The hysterical skies

She survived a flight with 14 harmless Syrian musicians -- then spread 3,000 bigoted and paranoid words across the Internet. As a pilot and an American, I'm appalled.

Published July 21, 2004 7:30PM (EDT)

In this space was supposed to be installment No. 6 of my multiweek dissertation on airports and terminals. The topic is being usurped by one of those nagging, Web-borne issues of the moment, in this case a reactionary scare story making the cyber-rounds during the past week.

The piece in question, "Terror in the Skies, Again?" is the work of Annie Jacobsen, a writer for WomensWallStreet.com. Jacobsen shares the account of the emotional meltdown she and her fellow passengers experienced when, aboard a Northwest Airlines flight from Detroit to Los Angeles, a group of Middle Eastern passengers proceeded to act "suspiciously." I'll invite you to experience "Terror" yourself, but be warned it's quite long.
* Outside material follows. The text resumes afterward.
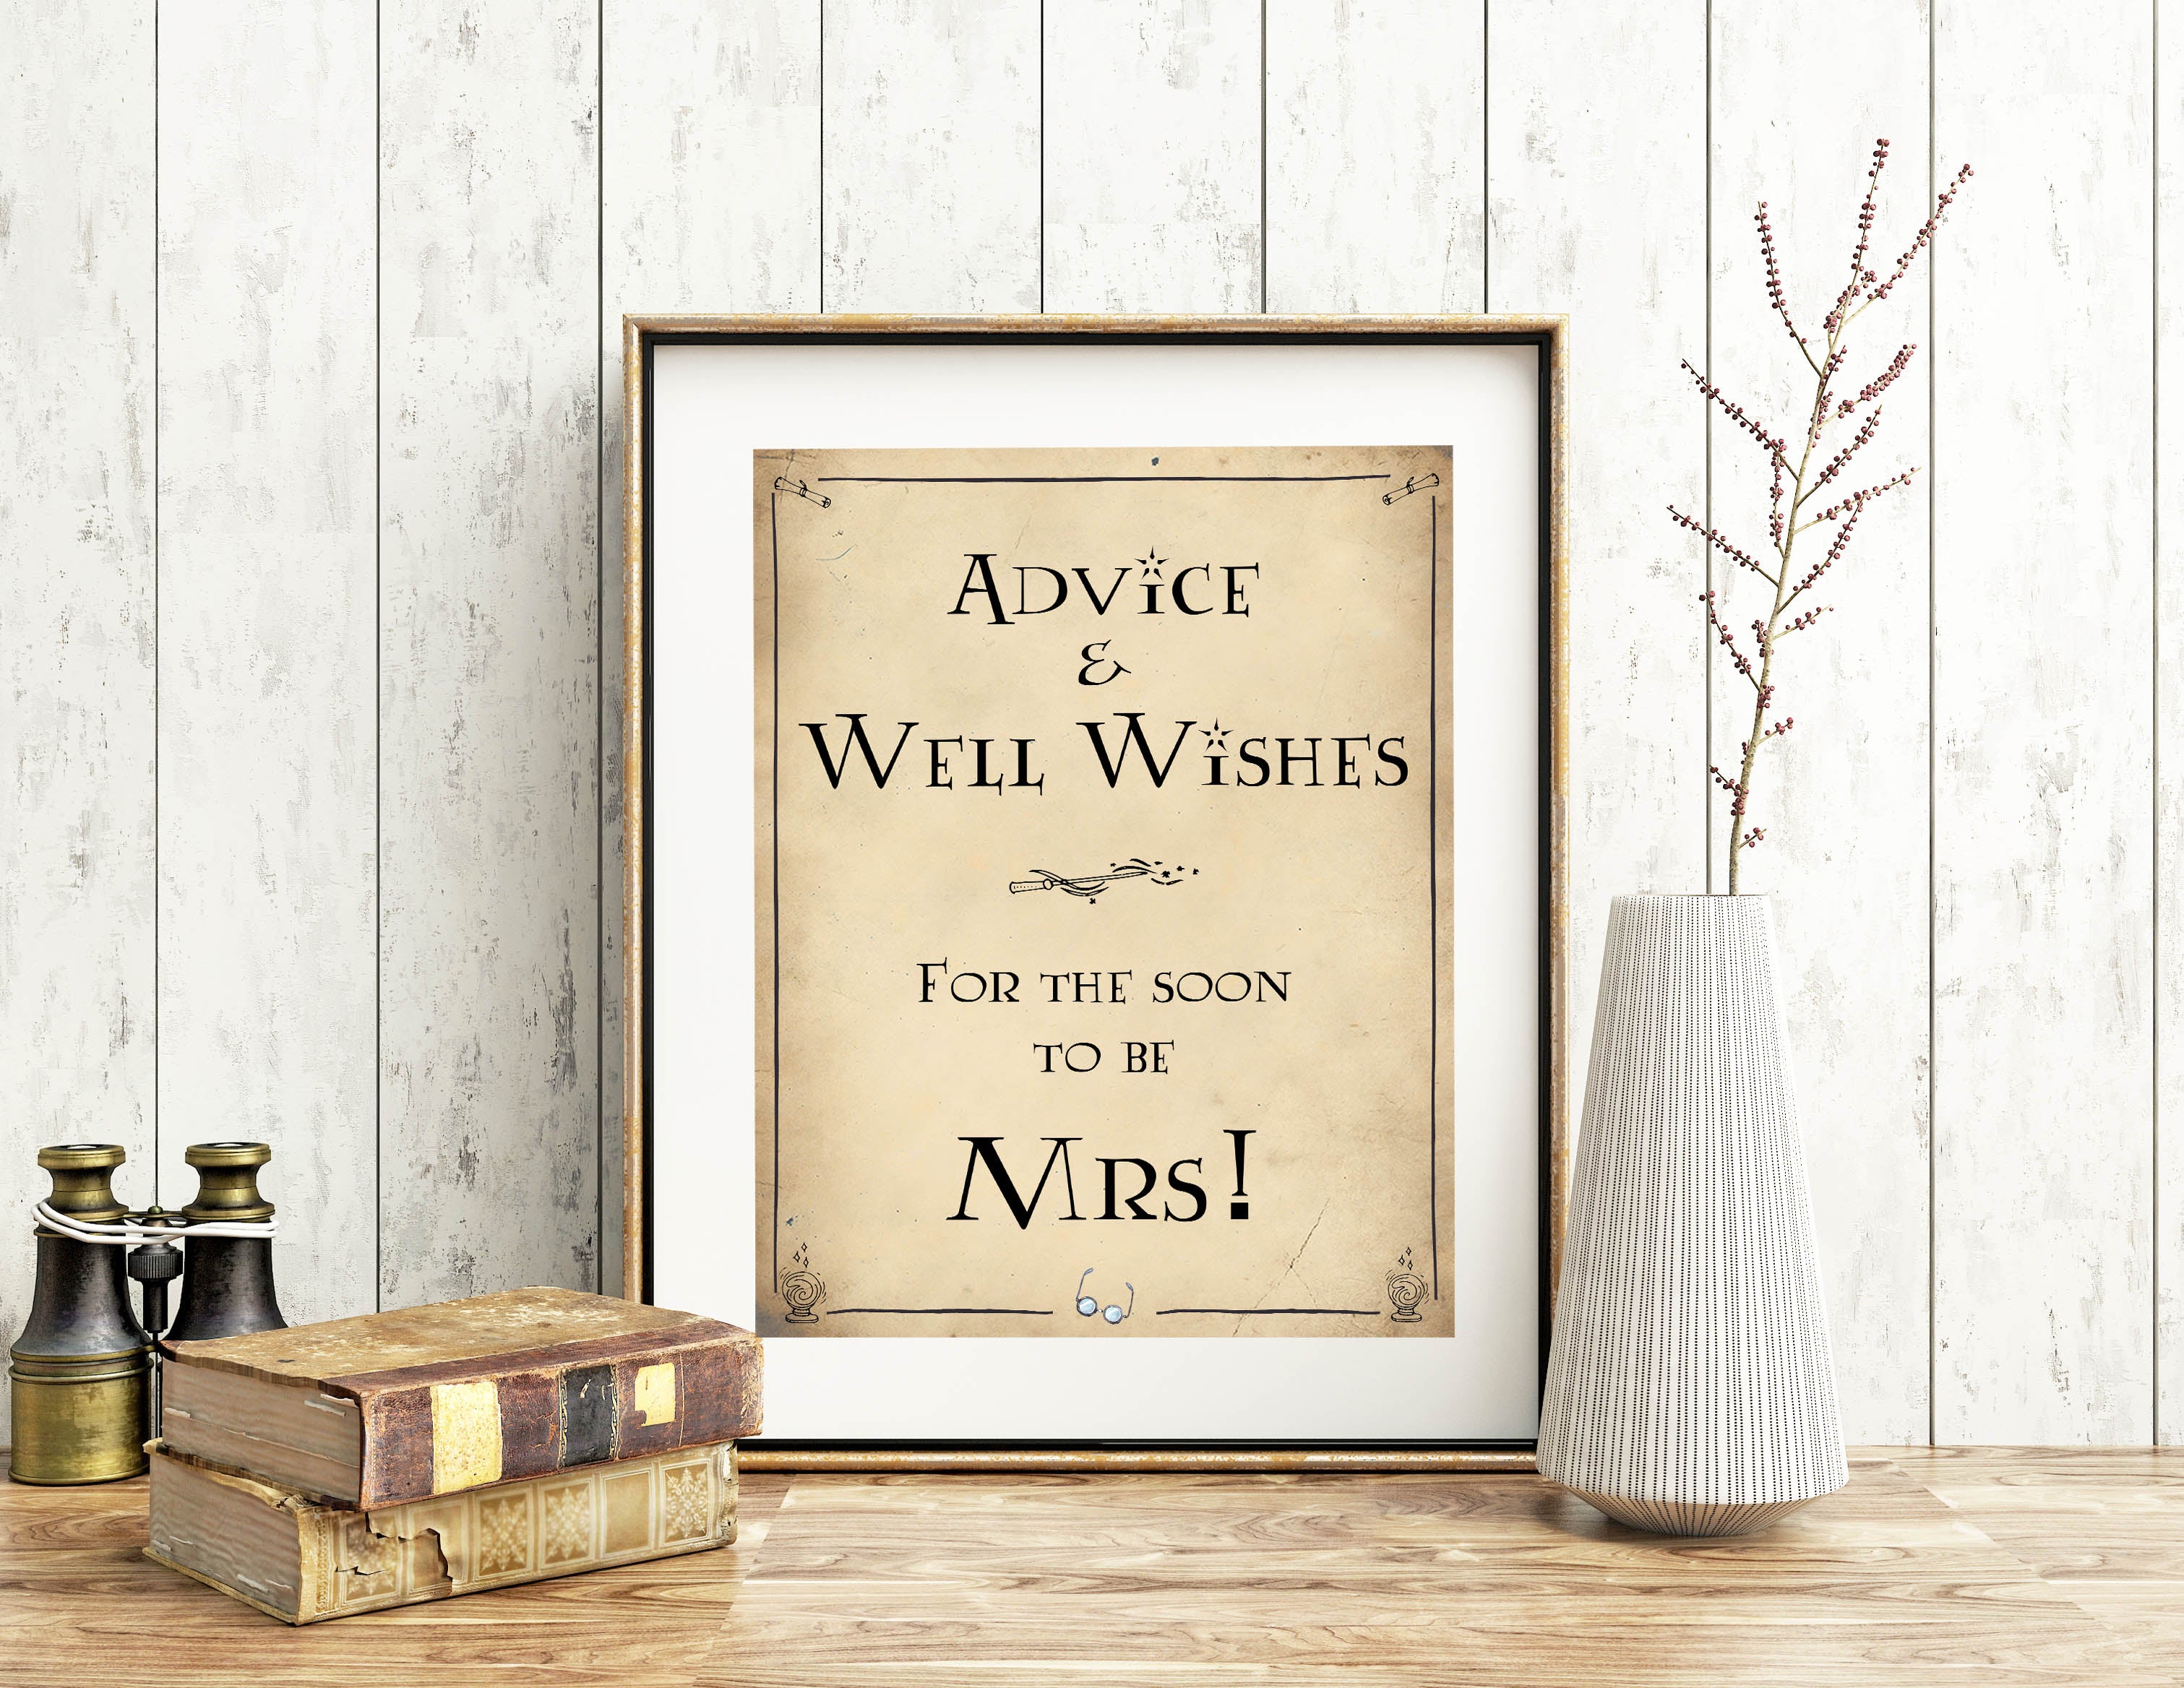 advice and well wishes for the bride, Printable bridal shower signs, Harry Potter bridal shower decor, Harry Potter bridal shower decor ideas, fun bridal shower decor, bridal shower game ideas, Harry Potter bridal shower ideas

It needs to be, I suppose, since ultimately it's a story about nothing, puffed and aggrandized to appear important.

The editors get the drama cooking with some foreboding music: "You are about to read an account of what happened," counsels a 70-word preamble. "The WWS Editorial Team debated long and hard about how to handle this information and ultimately we decided it was something that should be shared ... Here is Annie's story" [insert lower-octave piano chord here].

What follows are six pages of the worst grade-school prose, spring-loaded with mindless hysterics and bigoted provocation.

Fourteen dark-skinned men from Syria board Northwest's flight 327, seated in two separate groups. Some are carrying oddly shaped bags and wearing track suits with Arabic script across the back. During the flight the men socialize, gesture to one another, move about the cabin with pieces of their luggage, and, most ominous of all, repeatedly make trips to the bathroom. The author links the men's apparently irritable bladders to a report published in the Observer (U.K.) warning of terrorist plots to smuggle bomb components onto airplanes one piece at a time, to be secretly assembled in lavatories.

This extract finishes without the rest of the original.